Guide for Persistence
Persistence Architecture

As shown in the diagram, UM provides messaging functionality as well as persistent operation.

persistent_architecture.png

The highlights of this architecture are:

  • Sources communicate with Store instances
  • Receivers communicate with Store instances
  • Sources communicate with receivers

Note that the Store is not supported on all platforms. For example, while Solaris supports persistent clients (source and receiver), you cannot run a Store on an Solaris system. However, an Solaris-based client can interoperate with a Store running an any other supported platform.


Persistent Store Architecture  <-

The umestored program (the final "d" stands for "daemon") runs the Store Process. You can configure multiple Store instances per Store Process using the UMP Element "<store>" in the Store configuration file. See Configuration Reference for Umestored. Individual Store instances can use separate disk cache and disk state directories and be configured to persist messages for multiple sources (topics), which are referred to as "source repositories". Each Store Process has an optional Web Monitor for statistics monitoring. See Store Web Monitor.

store_architecture.png


Store Processes and Instances  <-

When the Store Process is started on a host, the process is known as the "Store Process". That Store Process contains one or more "Store instances". A Store instance is an independent, addressable, and configurable component. Each Store instance is implemented with a set of interacting program threads. The threads of one Instance do not interact or contend with the threads of other Instances in the same Process.

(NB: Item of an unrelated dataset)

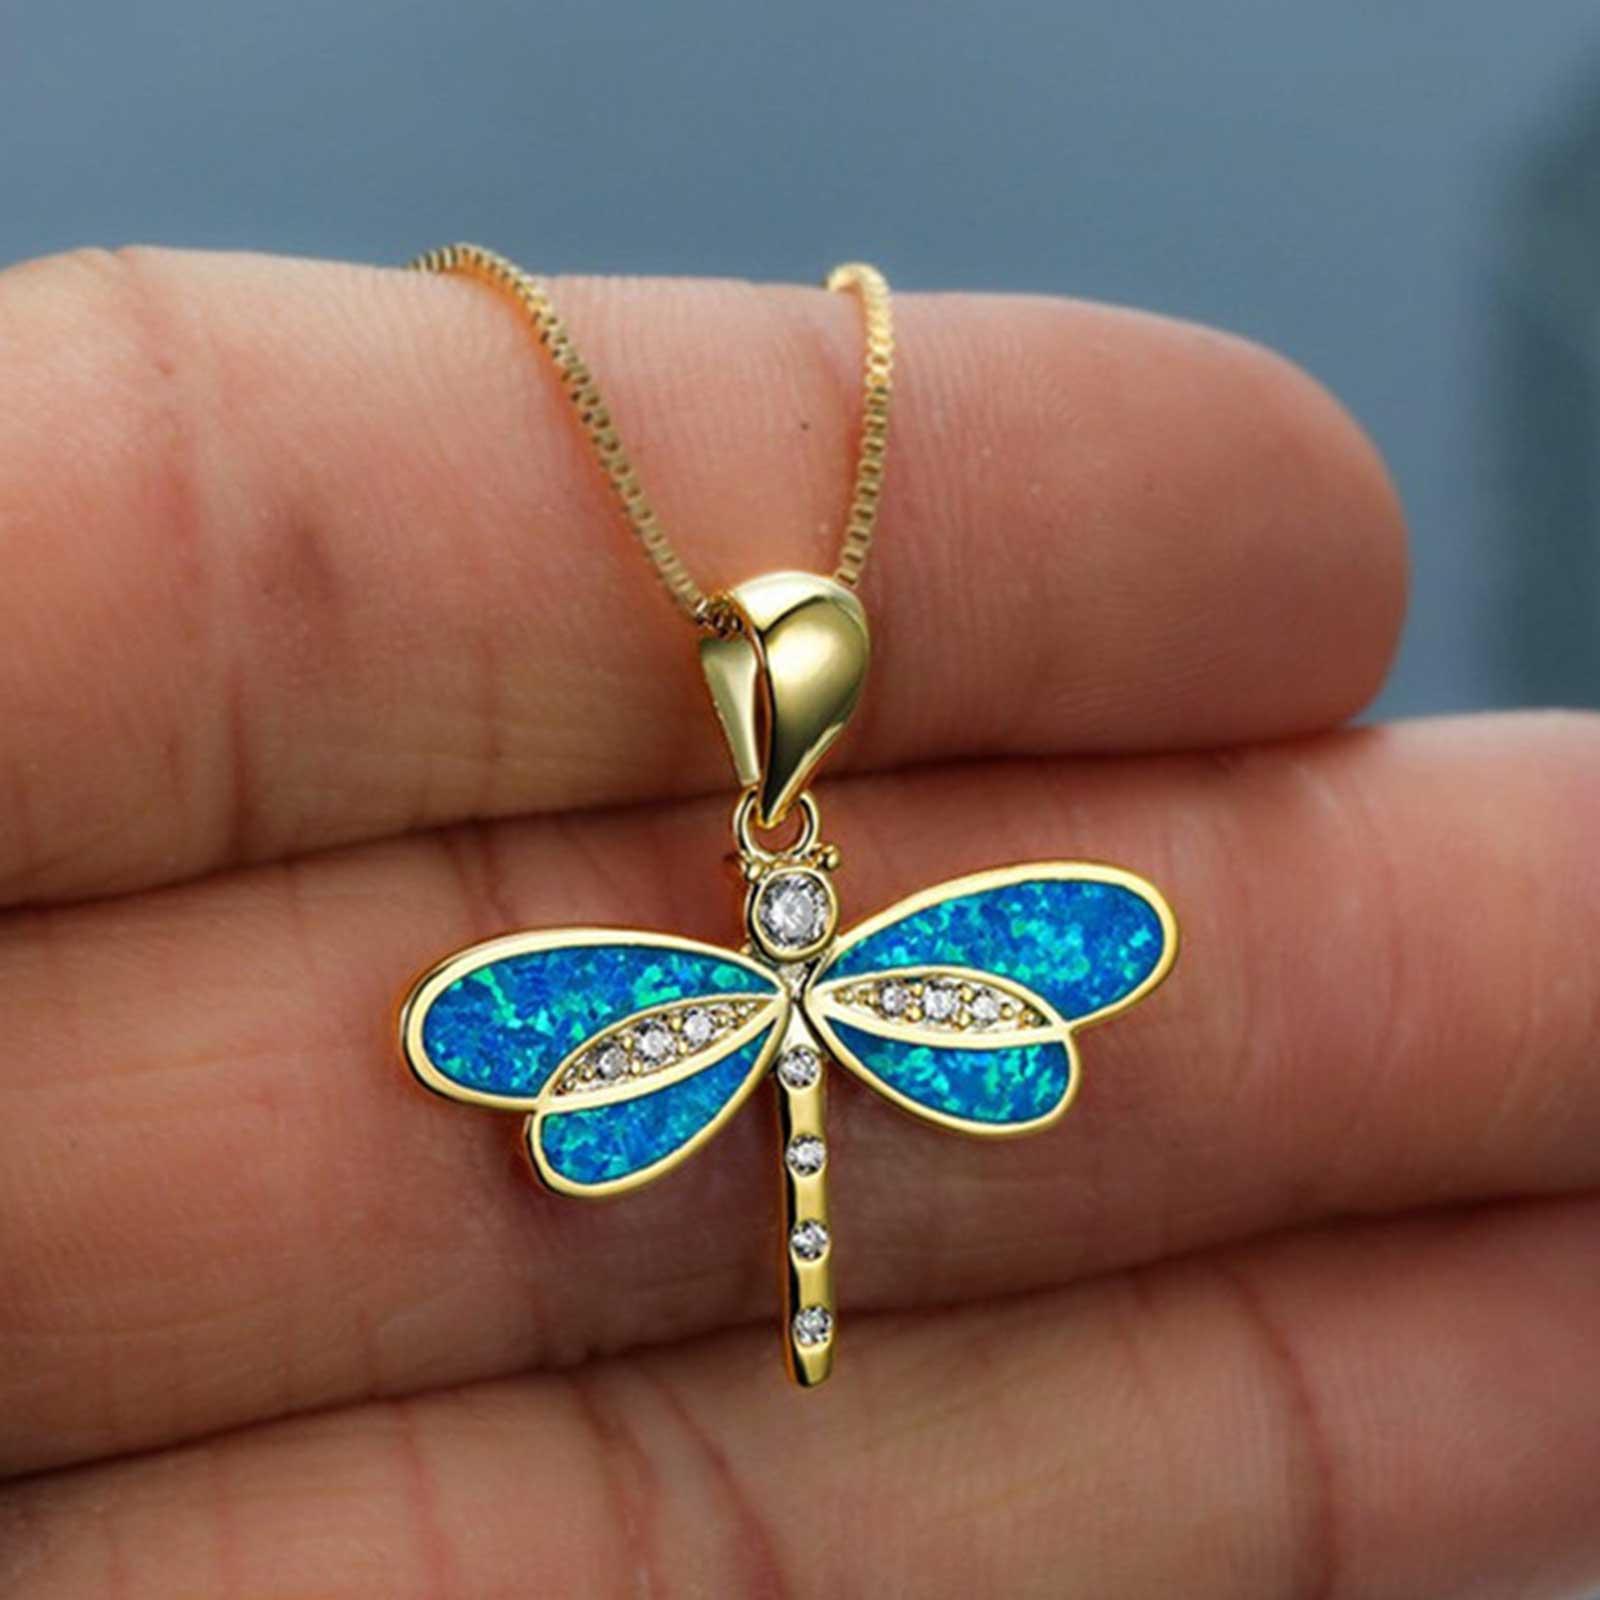 Dragonfly Necklace Pendant Choker For Women Girls White Gold Blue Silver Y5G3 - image 3 of 9

There is very little difference between running one Store Process with two Store instances compared to two Store Processes with one Store instance each. They function and perform mostly the same. The reasons for choosing one over the other have mostly to do with operational convenience. For example, running fewer processes on a host is sometimes easier to manage. So operational simplicity suggests combining multiple Store instances into a single Store Process.

On the other hand, there are times when it is desired to shut down a Store instance. But Store instances cannot be shut down individually; an entire Store Process must be shut down. For example: as message rates increase, you may find that the host's CPU consumption is getting too high. You might want to migrate half of the Store instances to a different host. But if all your Store instances are in one Store Process, it is more disruptive perform the migration since it requires shutting down the entire process and re-configuring. So operational flexibility suggests assigning each desired Store instance to its own Store Process.

One specific case where a single Store Process with multiple Store Instances is generally preferred: using the Store Process as a Windows Service. There is no simple way to run multiple copies of the Store Windows Service.


Source Repositories  <-

Within a Store instance, you configure repositories for individual topics, and each can have its own set of <topic> options that affect the repository's type, size, liveness behavior, among other options. If you have multiple sources sending on the same topic, the Store instance creates a separate repository for each source. UM uses the repository options configured for the topic to apply to each source's repository.

For example, if you specify 48 MB for the size of the repository and have 10 sources sending on the topic, the Store instance requires 480 MB of storage for that topic.

A repository can be configured as one of the following types:

  • memory - the repository maintain both state and data only in memory, not disk.
  • disk - the repository maintains state and data on disk, but also uses a memory cache.

There is also a repository type called "no-cache", which is deprecated and will be removed in a future UM version. The "no-cache" repository maintains state (last sequence numbers published and consumed) but does not maintain message content. It is deprecated due to lack of compelling use cases.

Note that the Store instances within a Store Process can have different repository types.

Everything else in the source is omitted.